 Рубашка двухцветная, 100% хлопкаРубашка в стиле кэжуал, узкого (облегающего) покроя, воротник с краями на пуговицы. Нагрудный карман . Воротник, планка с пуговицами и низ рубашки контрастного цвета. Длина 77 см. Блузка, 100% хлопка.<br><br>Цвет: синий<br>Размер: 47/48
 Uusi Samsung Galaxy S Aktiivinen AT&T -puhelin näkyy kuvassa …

...

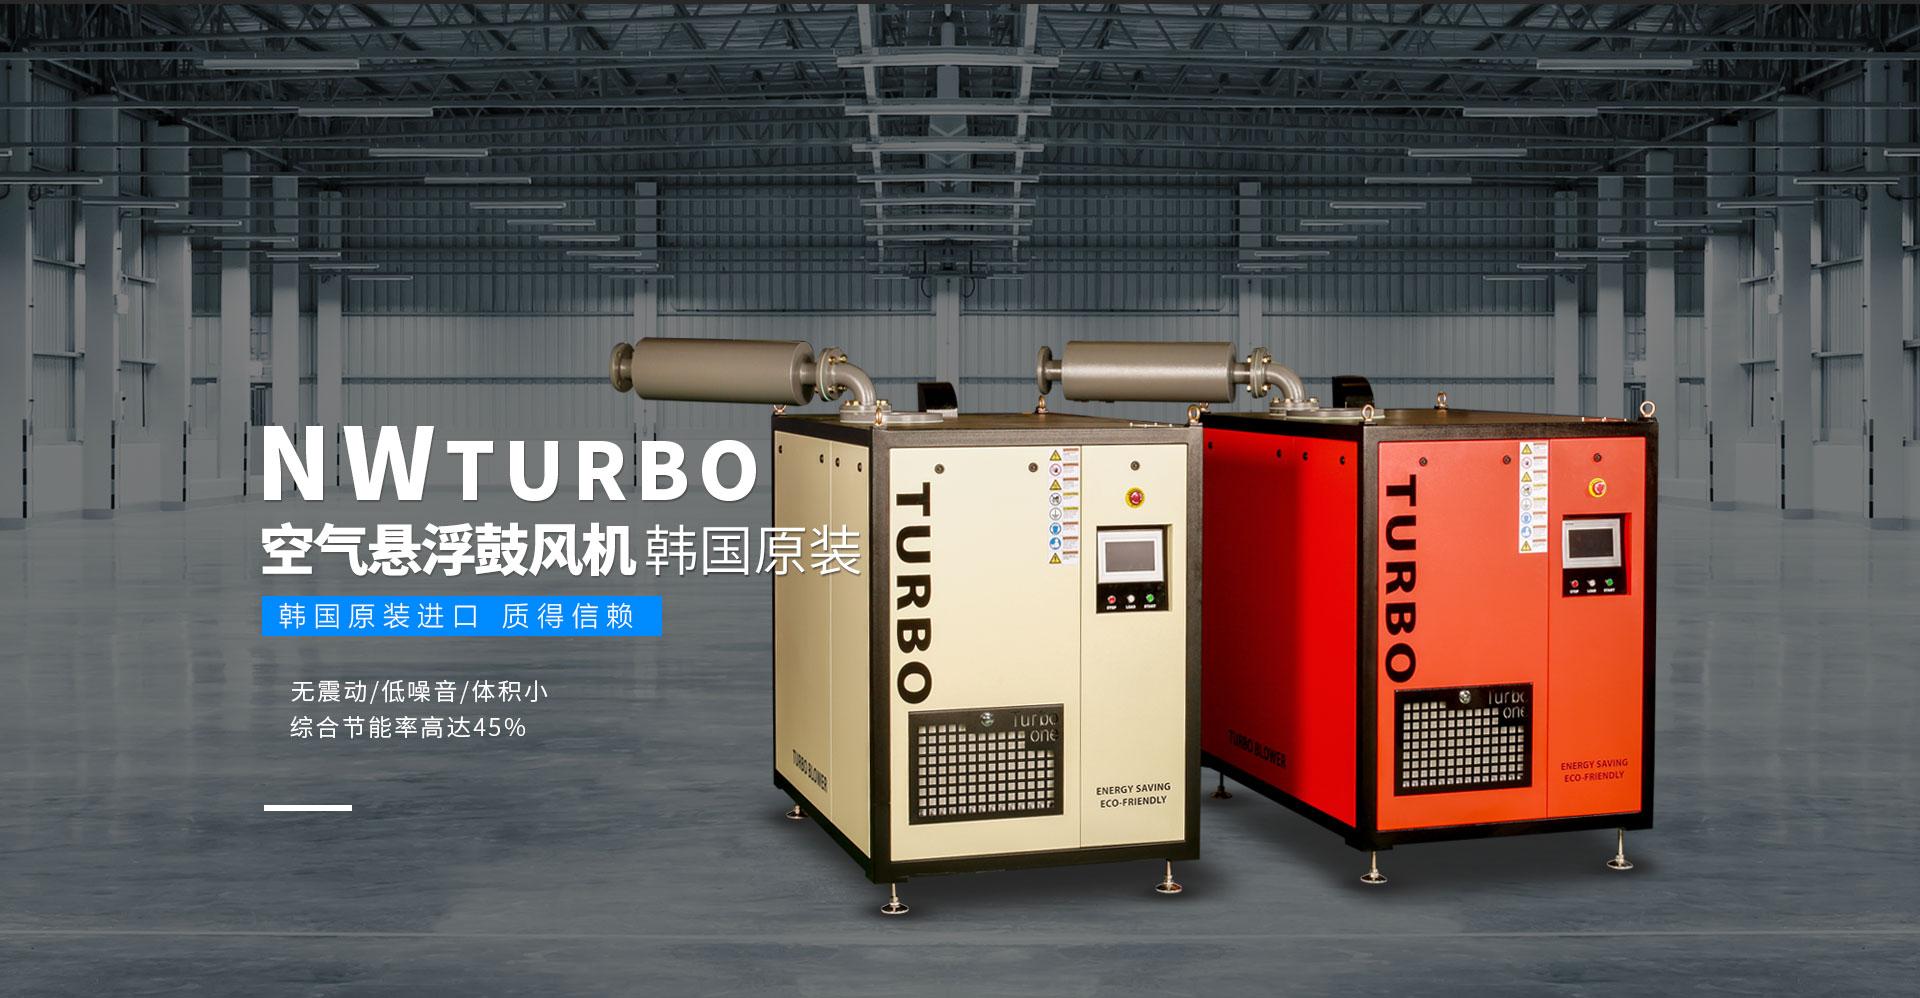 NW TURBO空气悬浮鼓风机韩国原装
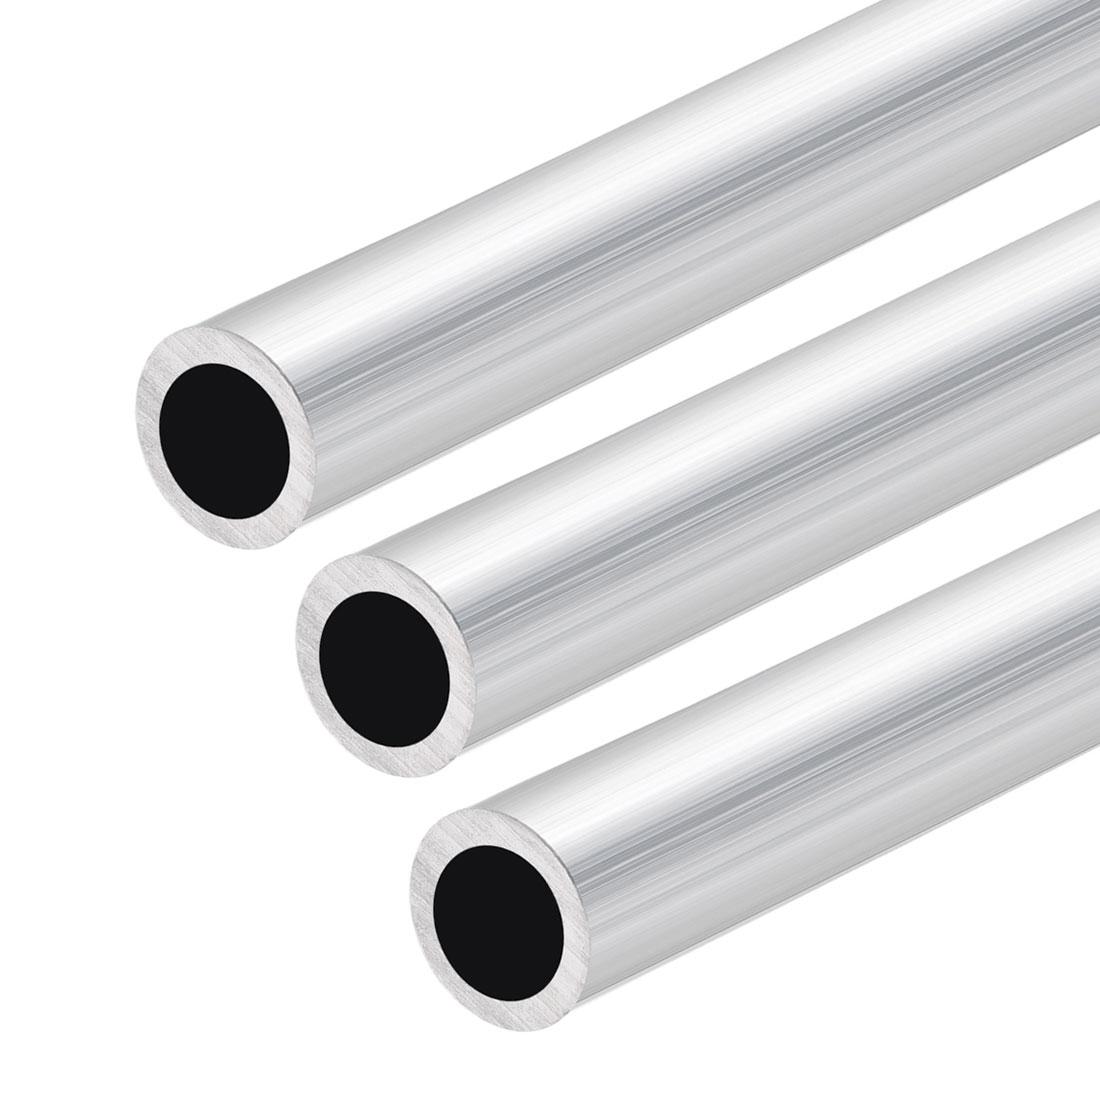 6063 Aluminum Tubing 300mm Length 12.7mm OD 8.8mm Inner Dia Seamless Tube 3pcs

> _TASK INSTRUCTIONS_: Everything above from the line that has "NW TURBO空气悬浮鼓风机韩国原装" down to the line that has "6063 Aluminum Tubing" should be output exactly, with both of those lines included. Leave the pictures behind.

> _RESULT_:
 NW TURBO空气悬浮鼓风机韩国原装
 6063 Aluminum Tubing 300mm Length 12.7mm OD 8.8mm Inner Dia Seamless Tube 3pcs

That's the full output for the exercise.